How does Azure Workflow Orchestration Manager work?

APPLIES TO: Azure Data Factory Azure Synapse Analytics

Tip

Try out Data Factory in Microsoft Fabric, an all-in-one analytics solution for enterprises. Microsoft Fabric covers everything from data movement to data science, real-time analytics, business intelligence, and reporting. Learn how to start a new trial for free!

Note

Workflow Orchestration Manager is powered by Apache Airflow.

Note

Workflow Orchestration Manager for Azure Data Factory relies on the open source Apache Airflow application. Documentation and more tutorials for Airflow can be found on the Apache Airflow Documentation or Community pages.

Workflow Orchestration Manager in Azure Data Factory uses Python-based Directed Acyclic Graphs (DAGs) to run your orchestration workflows. To use this feature, you need to provide your DAGs and plugins in Azure Blob Storage or via GitHub repository. You can launch the Airflow UI from ADF using a command line interface (CLI) or a software development kit (SDK) to manage your DAGs.

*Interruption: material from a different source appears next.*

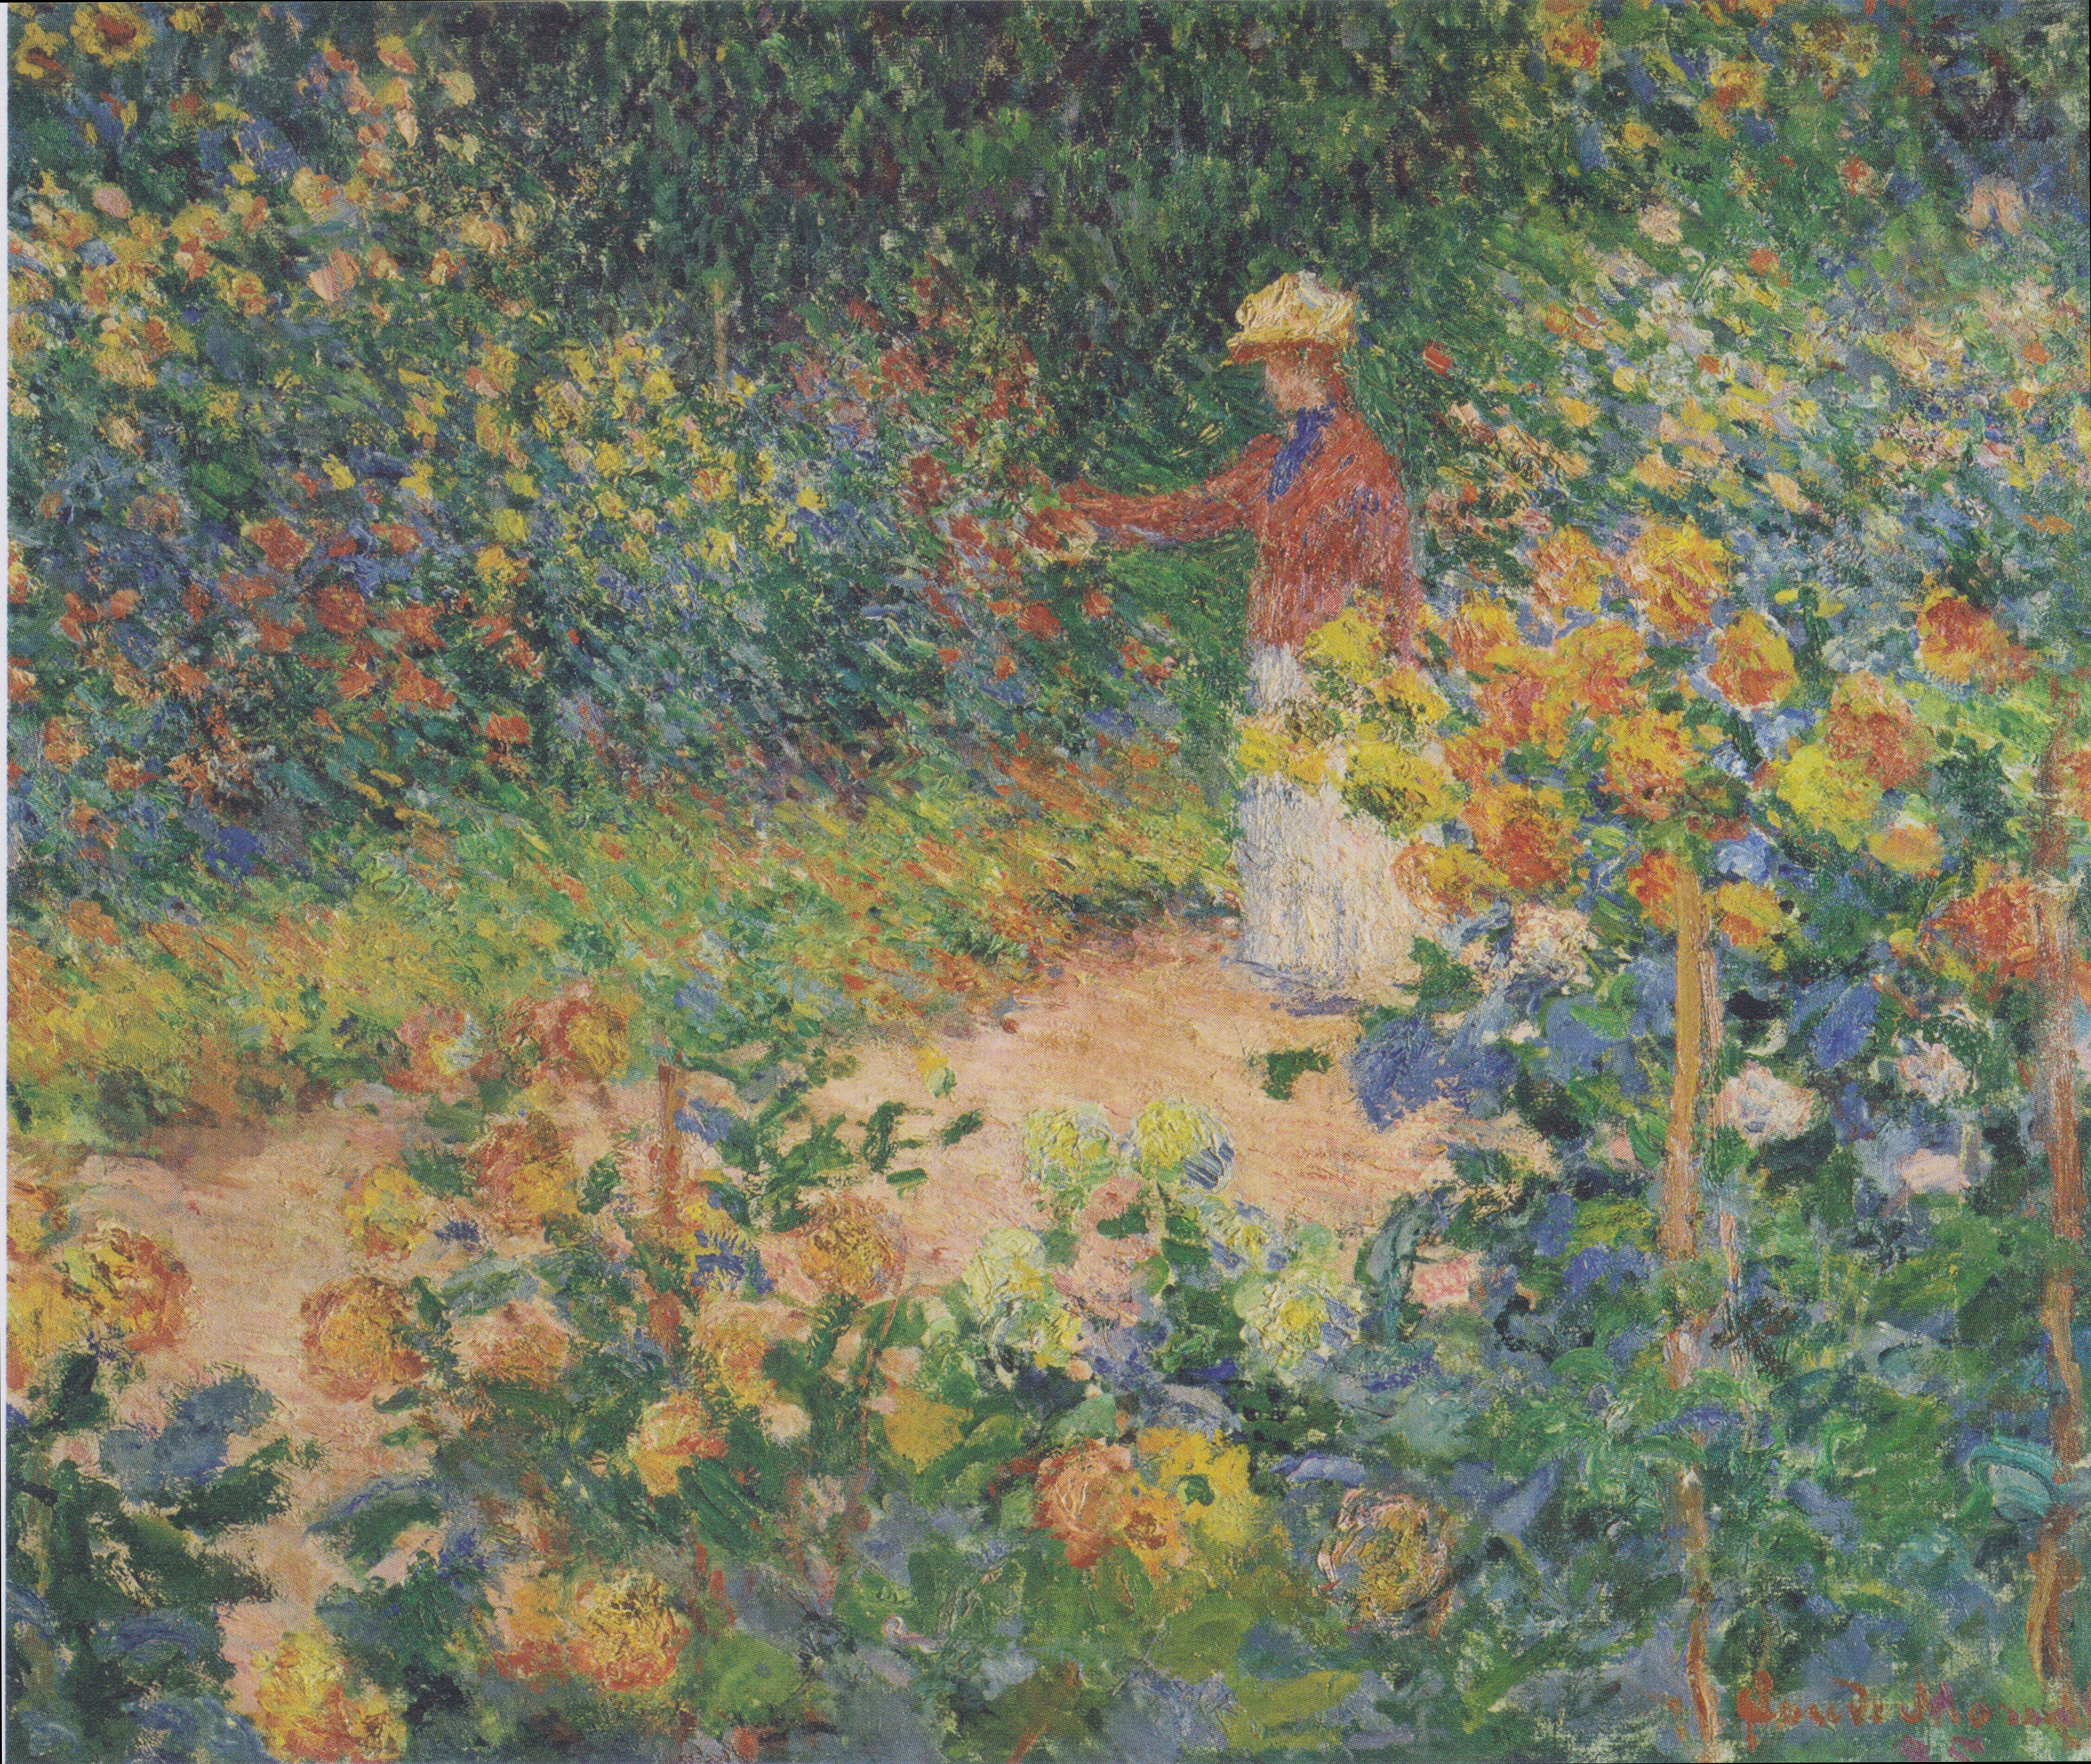 http://upload.wikimedia.org/wikipedia/commons/5/53/Monet_-_Im_Garten_-_1895.jpeg?uselang=fr

Create a Workflow Orchestration Manager environment

Refer to: Create a Workflow Orchestration Manager environment

Import DAGs

Workflow Orchestration Manager provides two distinct methods for loading DAGs from python source files into Airflow's environment. These methods are:

  • Enable Git Sync: This service allows you to synchronize your GitHub repository with Workflow Orchestration Manager, enabling you to import DAGs directly from your GitHub repository. Refer to: Sync a GitHub repository in Workflow Orchestration Manager

  • Azure Blob Storage: You can upload your DAGs, plugins etc. to a designated folder within a blob storage account that is linked with Azure Data Factory. Then, you import the file path of the folder in Workflow Orchestration Manager. Refer to: Import DAGs using Azure Blob Storage

Remove DAGs from the Airflow environment

Refer to: Delete DAGs in Workflow Orchestration Manager

Monitor DAG runs

To monitor the Airflow DAGs, sign in into Airflow UI with the earlier created username and password.

  1. Select on the Airflow environment created.

    Screenshot that shows the Airflow environment created.

  2. Sign in using the username-password provided during the Airflow Integration Runtime creation. (You can reset the username or password by editing the Airflow Integration runtime if needed)

    Screenshot that shows sign in using the username-password provided during the Airflow Integration Runtime creation.

Troubleshooting import DAG issues

  • Problem: DAG import is taking over 5 minutes Mitigation: Reduce the size of the imported DAGs with a single import. One way to achieve this is by creating multiple DAG folders with lesser DAGs across multiple containers.

  • Problem: Imported DAGs don't show up when you sign in into the Airflow UI. Mitigation: Sign in into the Airflow UI and see if there are any DAG parsing errors. This could happen if the DAG files contain any incompatible code. You'll find the exact line numbers and the files, which have the issue through the Airflow UI.

    Screenshot shows import dag issues.